Юноша замялся. В памяти всплыли слова отца, что не должно быть глупостей в голове и ущерба работе.
– Я должен обсудить этот вопрос с родителями, – ответил он на литературном немецком. – За усадьбу несет ответственность брат. Он наследник. Мне все равно придется подыскивать что-то другое.

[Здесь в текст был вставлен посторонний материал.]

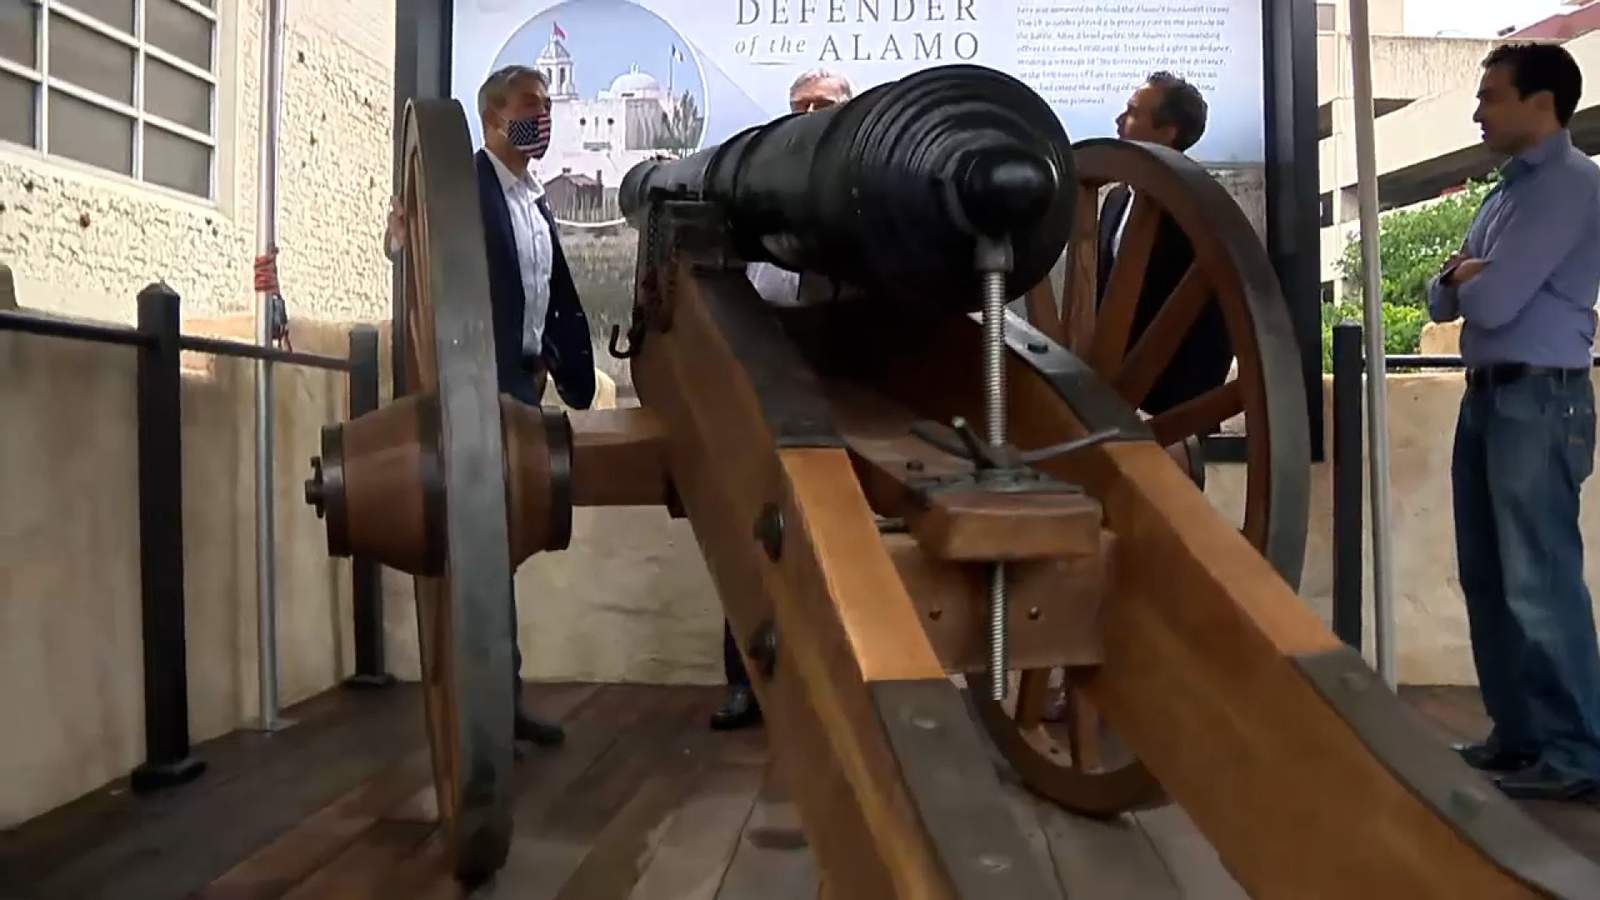 New Alamo exhibit offers replica of iconic cannon fired in 1836 battle
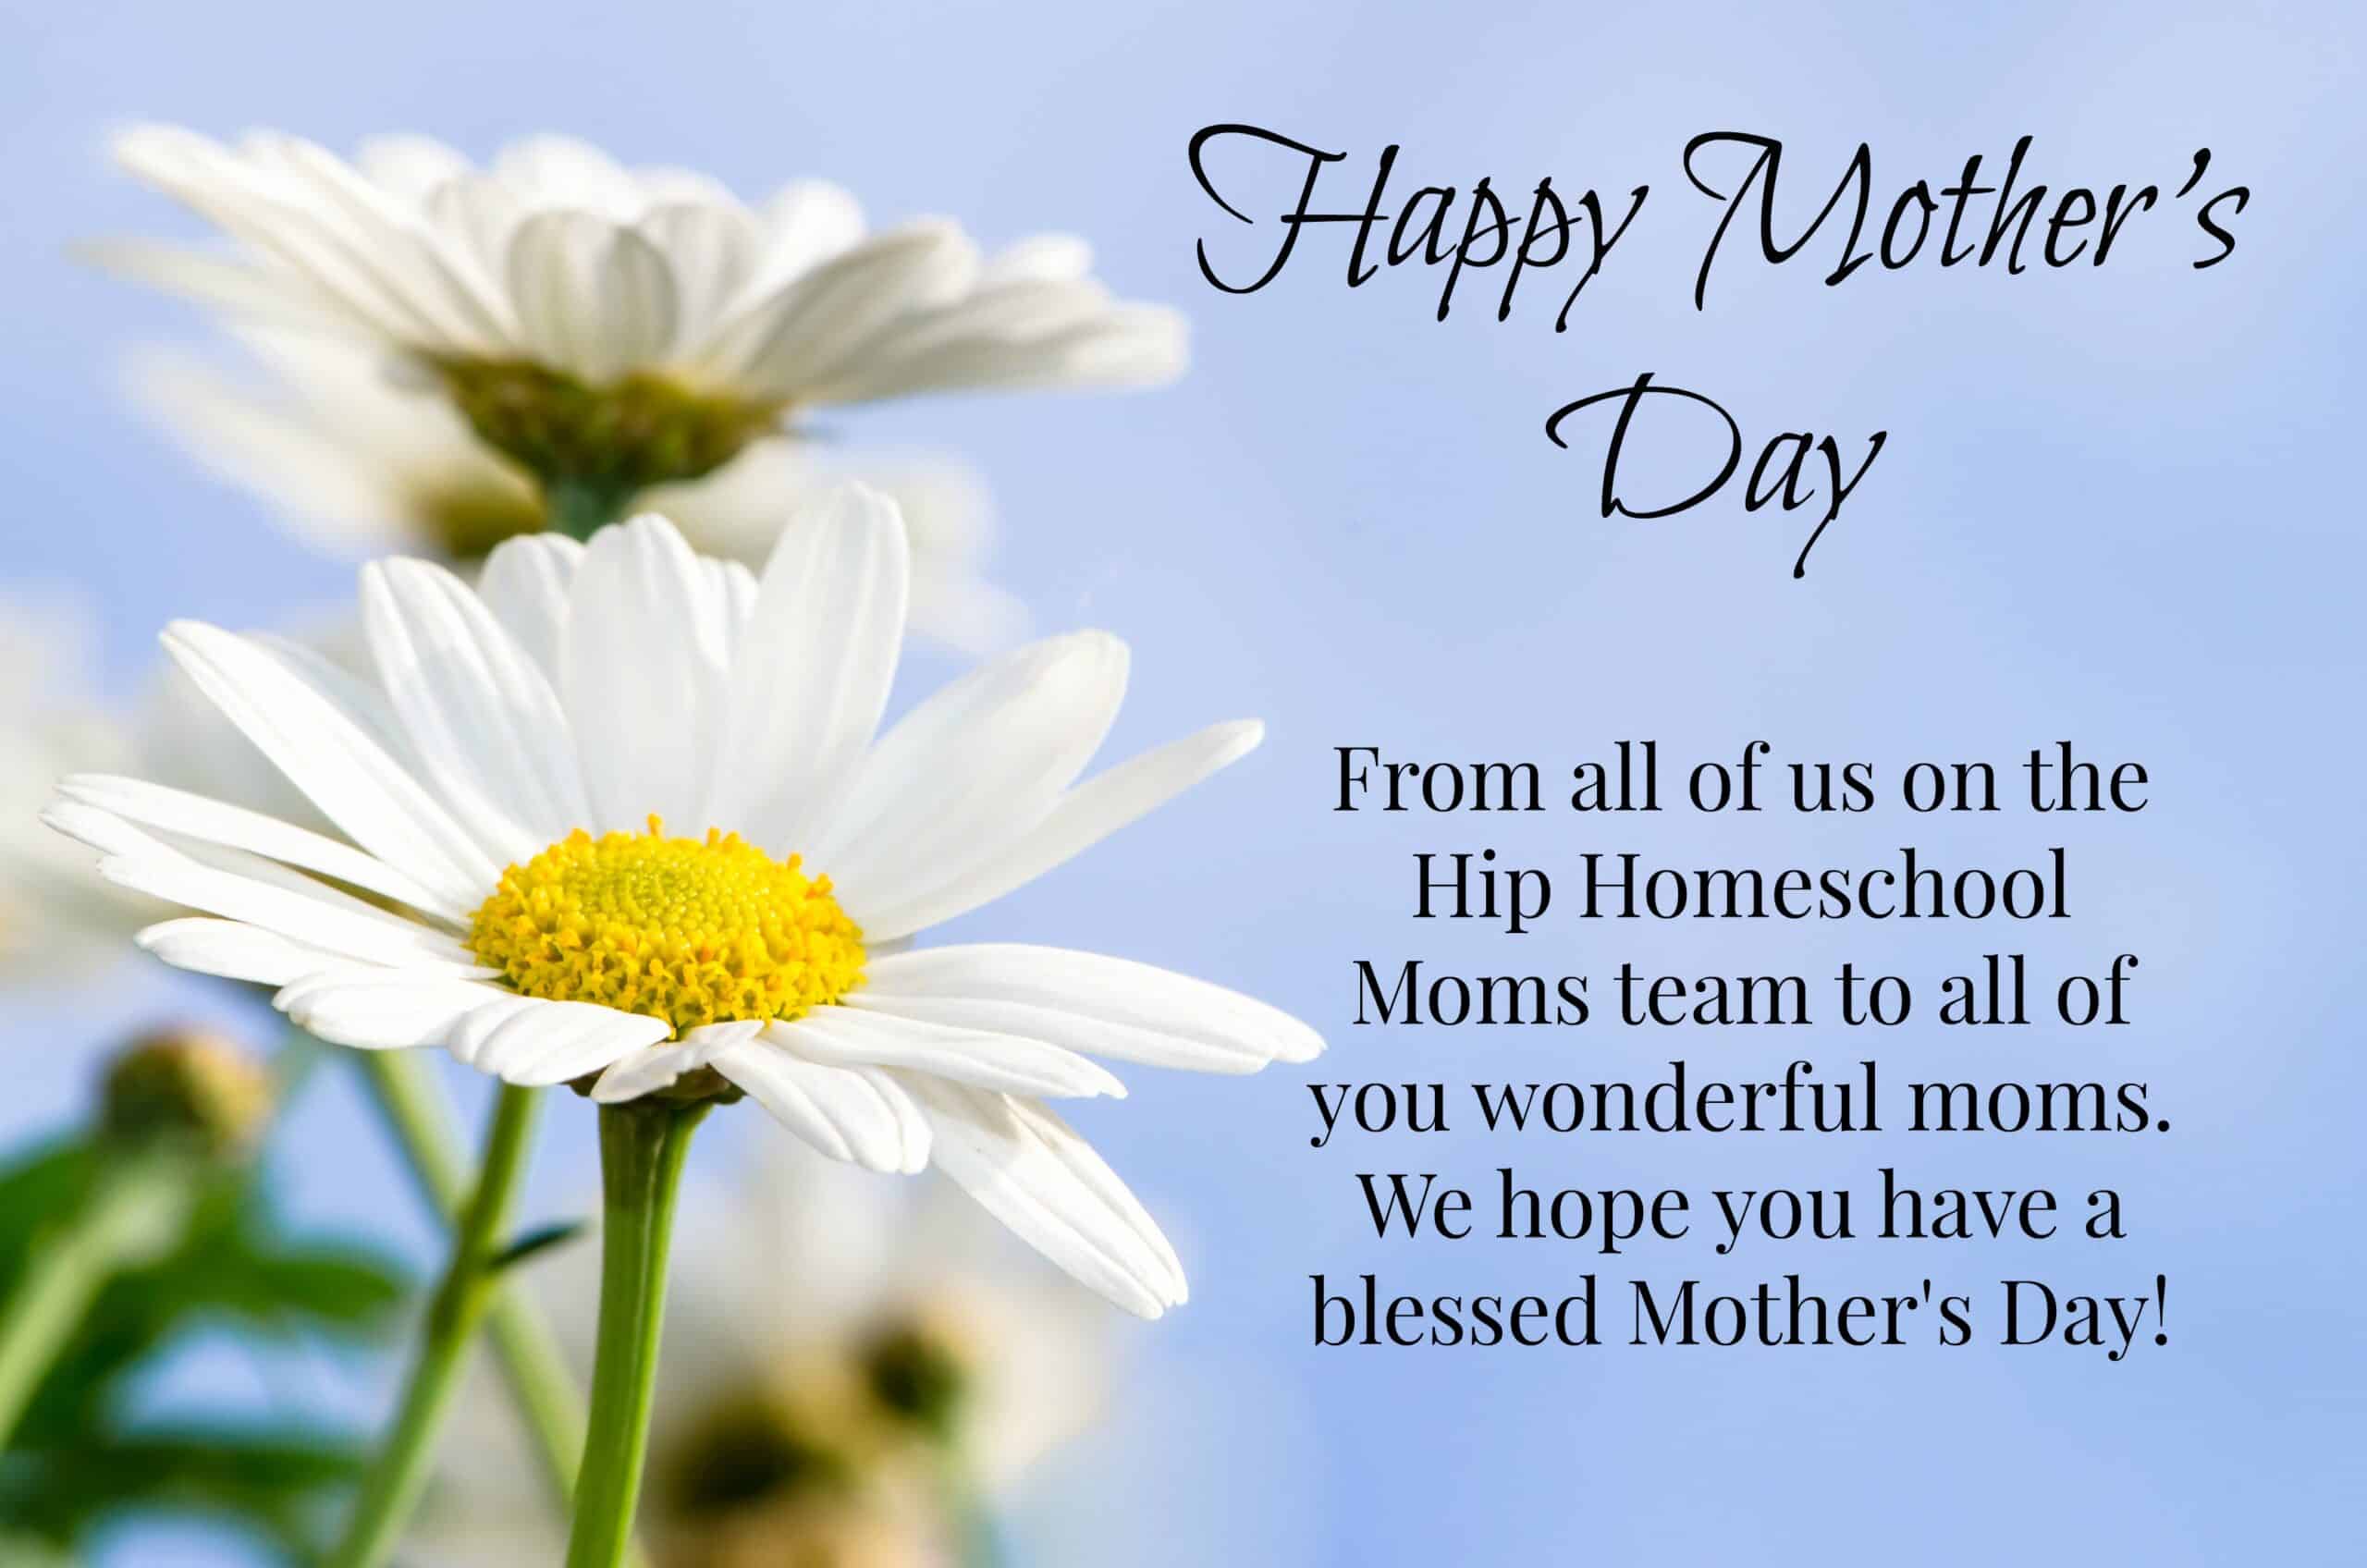 Happy Mother’s Day from Hip Homeschool Moms!

Брат! Да! Хоть он к тому времени уже получил ранение в голову, никто еще полностью не осознал последствий, во всяком случае, в семье хозяина усадьбы на озере. Тони по-прежнему считался наследником, Панкрац еще мог мечтать о карьере певца.
Отец после долгих колебаний все же позволил ему брать уроки у госпожи Краусс. Плату она запросила небольшую, но в придачу регулярно получала свежие деревенские продукты и живого карпа к Рождеству. Сестрам она тоже дала несколько уроков пения – вернее, подсказала несколько технических хитростей, чтобы сопрано Филомены звучало не так фальцетно, а альт Герты – не так баритонально, более женственно. Благодаря ей церковный хор обрел некоторую гармонию и, когда душевная болезнь окончательно поразила старшего брата, хорошего хормейстера в лице Панкраца, чьи мечты рухнули.
†Терезе уже исполнилось пятнадцать, и она работала наравне со старшими сестрами, которые пока жили дома. Самая старшая, Мария, несколько лет тому вышла за крестьянина из соседней деревни. Правда, тогда ей было восемнадцать, и она с удовольствием еще несколько лет не спешила бы надевать супружеские оковы, но выбор оставался невелик. Сказывались последствия войны, которая все поставила с ног на голову, нарушив баланс численности между мужчинами и женщинами. Не было уверенности, что позже подвернется хорошая партия. Муж был наследником большой крестьянской усадьбы, и не исключено, что Мария даже любила его. Ничего не поделаешь! Так или иначе, ярмарка невест в доме Лота из Айхенкама была открыта. К ним стали часто приезжать гости. По выходным сваты прибывали издалека в полукаретах, их принимали во дворе. Когда дочери Лота поняли, что пользуются успехом, они отбросили крестьянскую застенчивость, сохранив для приличия самую малость, в качестве украшения. Старик находился среди гостей и с удовольствием выслушивал новости из отдаленных селений. Появлялись и претенденты из близлежащих деревень. Люди знакомились, между одними завязывалась дружба, между другими развивалась неприязнь, временами грозила вспыхнуть конкуренция, подогреваемая мужской гордостью, но старик Лот умел подавить конфликт в зародыше; в итоге шесть дочерей пошли под венец, и веселая суматоха, царившая в доме, поспособствовала крайне редким в иных случаях контактам за пределами естественных границ в виде озера на западе и большой реки на востоке, что подстегнуло местных парней отправляться в путешествия в поисках невест. Сошла на нет и многовековая практика крестьянских браков между близкими родственниками.